There is a widespread perception that shop theft is not treated seriously by the police. The Committee recognises the need for quicker reporting systems, better data collection and intelligence sharing between police forces across the UK.

The Committee welcomes the work of Pegasus, the new national scheme to tackle organised crime in the retail sector and recommends that existing schemes such as Business Crime Reduction Partnerships (linking police and local businesses) should all be part of a National Standards Accreditation Scheme.

The Committee concludes:

  • The outdated term “shoplifting” serves to trivialise the severity of the offence and should be phased out.
  • The Committee supports the plan to repeal the offence of “low-value shoplifting” under section 176 of the Anti-Social Behaviour, Crime and Policing Act, which in practice is decriminalising shop theft where the value of the goods does not exceed £200.
  • The Committee supports the creation of a standalone offence of assaulting a retail worker.
  • Improved reporting systems are required to enable retailers to report crime to the police quickly and easily.
  • The Committee recommends improving mechanisms for police and criminal justice systems to recognise and record when a crime has taken place in a retail setting.
  • Increased funding to community-based reoffending and rehabilitation initiatives are crucial to help divert prolific drug and alcohol addicted offenders away from further offending.
  • Public awareness campaigns are needed to target the stolen goods market.
  • The Committee supports the introduction of regulations and best practice guidance for the use of facial recognition technology by private companies.

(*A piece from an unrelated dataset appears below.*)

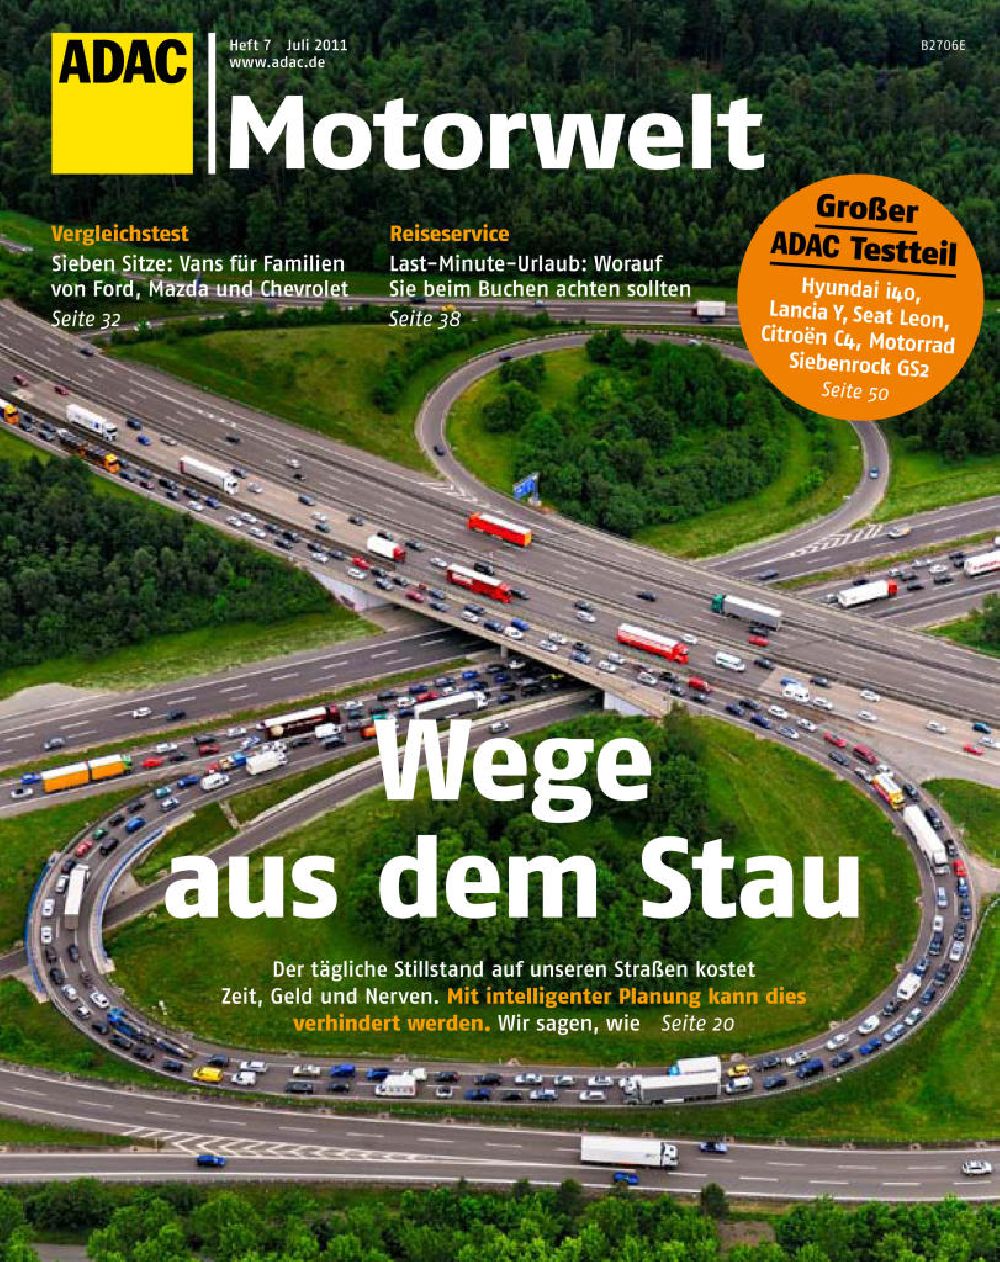 Stuttgart aus der Vogelperspektive: Luftbildverwendung Autobahnkreuz Stuttgart Titelbild ADAC Motorwelt 07 2011

Lord Foster of Bath, Chair of the Justice and Home Affairs Committee said: “In March 2024, 443,9953 incidents of shop theft were recorded by police – a 30% increase on the previous year and the highest-ever level since comparable records began over twenty years ago.

“But the figures are “a drop in the ocean” when compared with likely real figures estimated at 17 million with devastating consequences for businesses and families.

“The scale of the shop theft problem within England and Wales is totally unacceptable and action, like that underway in the Pegasus scheme, is vital and urgent.

“There’s no silver bullet. But, if adopted, the recommendations in our report should help tackle the problem and help keep the public and our economy safer.”